A Practical View From Inside The Market
In that sense, Rusic’s role in this conversation is not as the story itself, but as a useful voice within a much larger one.
He represents a strand of the AI market focused less on headline-grabbing model performance and more on what it takes to make AI useful inside real organisations. Through deepset, his attention has been on the architecture beneath enterprise AI: retrieval, orchestration, permissioning, and the systems required to make outputs more trustworthy and production-ready.
That perspective is relevant now because it points to the gap between AI capability and AI usability. Europe may succeed in accelerating the first without fully unlocking the second.
And if that happens, the region could find itself in an uncomfortable position with better infrastructure, stronger policy momentum, and still too many enterprises unable to operationalise AI at scale.
The Bigger Risk For Europe
The real risk is not that Europe will underinvest in AI infrastructure, but rather that it will invest heavily in the visible parts of the stack while the less visible barriers remain unresolved.
If governance stays fragmented, if enterprise knowledge remains trapped in silos, and if permissioning models are too inconsistent for AI systems to navigate effectively, then many businesses will continue to struggle with the same core problem of getting AI to work reliably in practice.

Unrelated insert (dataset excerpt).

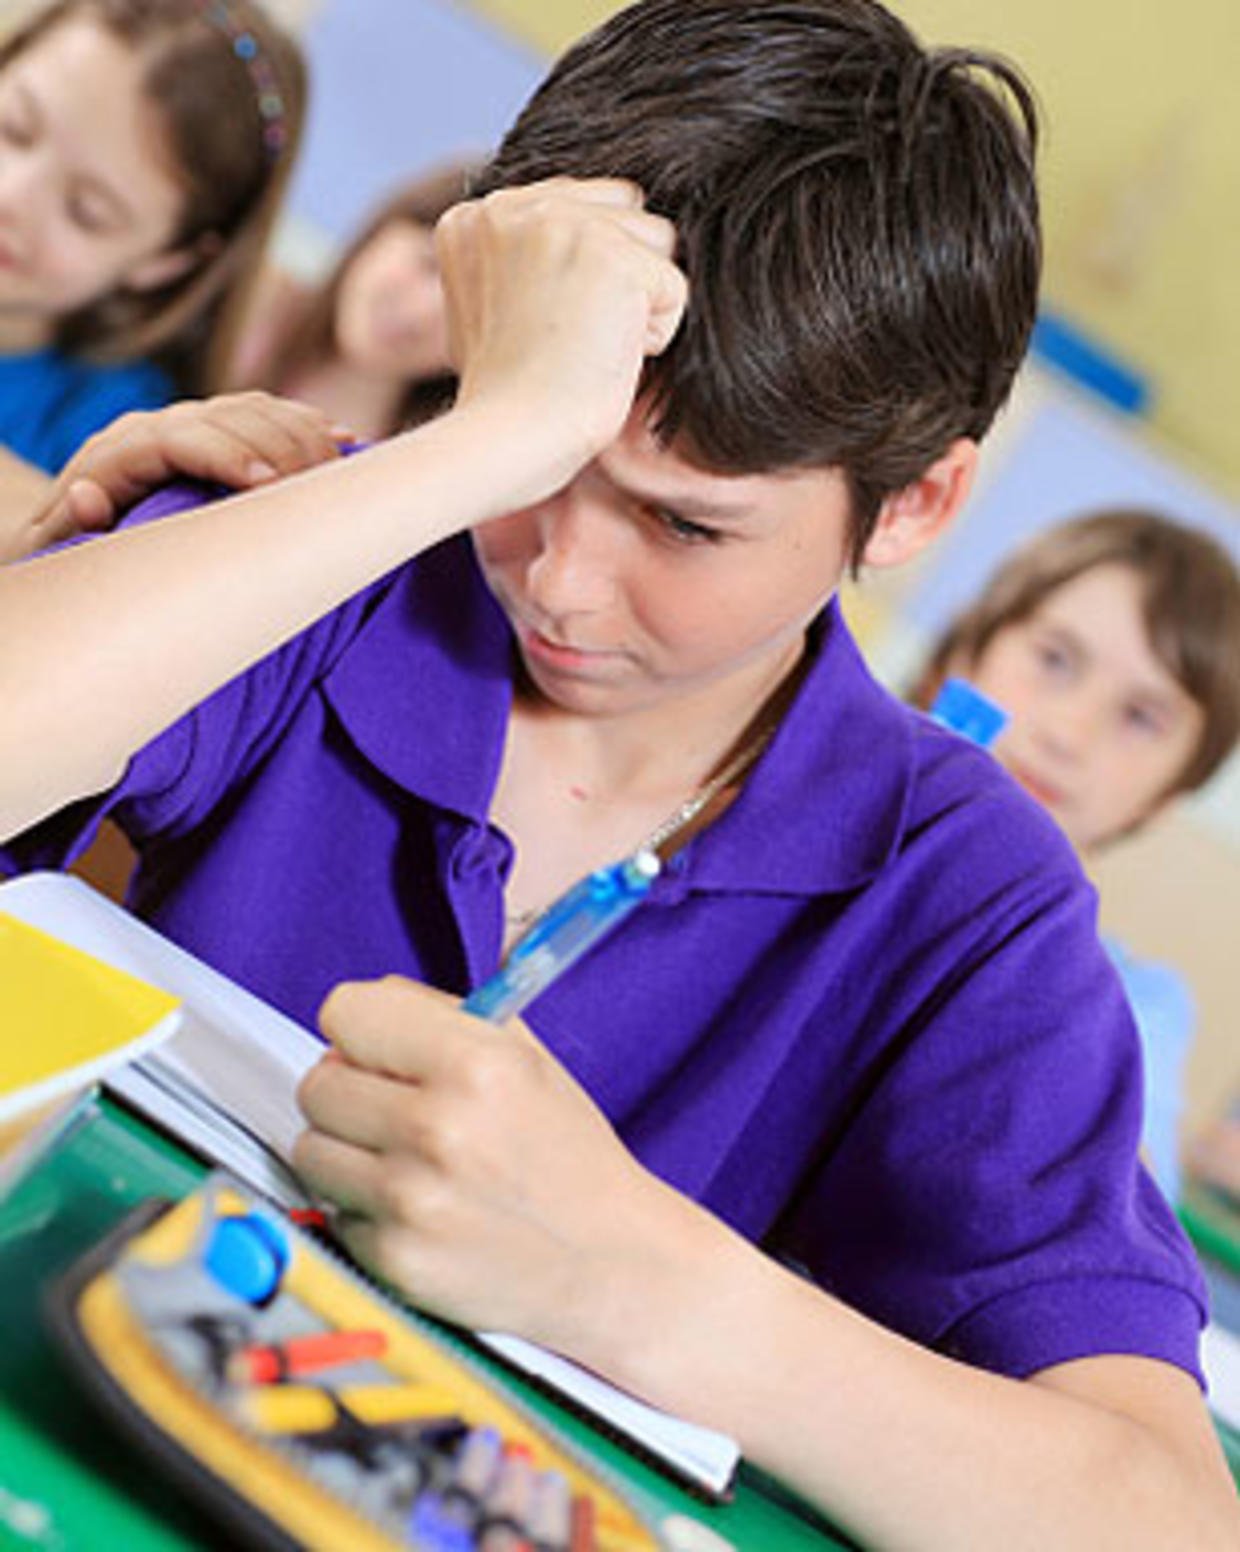 Does your child really have ADHD? 17 things to rule out ...
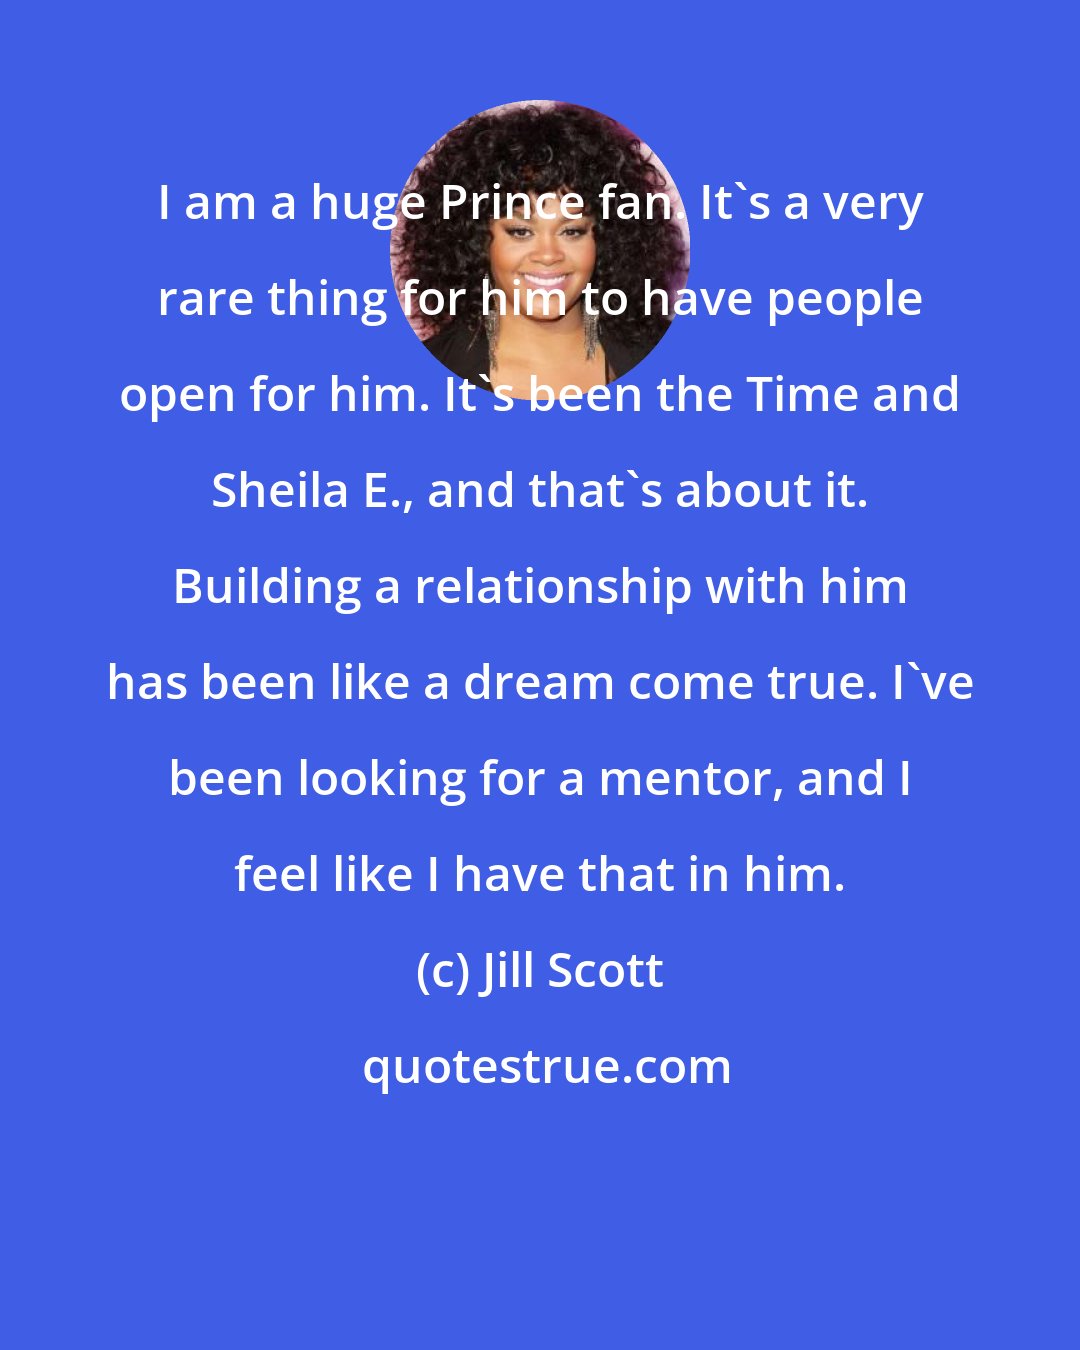 Jill Scott: I am a huge Prince fan. It's a very rare thing for him to have people open for him. It's been the Time and Sheila E., and that's about it. Building a relationship with him has been like a dream come true. I've been looking for a mentor, and I feel like I have that in him.

That is why the next phase of the conversation matters so much. Europe is building the machines but unless it also makes knowledge more retrievable, governable and usable, many enterprises will still find themselves unable to translate AI ambition into real deployment.
And that may be the issue that determines whether Europe’s AI strategy delivers lasting competitive advantage or simply impressive infrastructure with limited operational impact.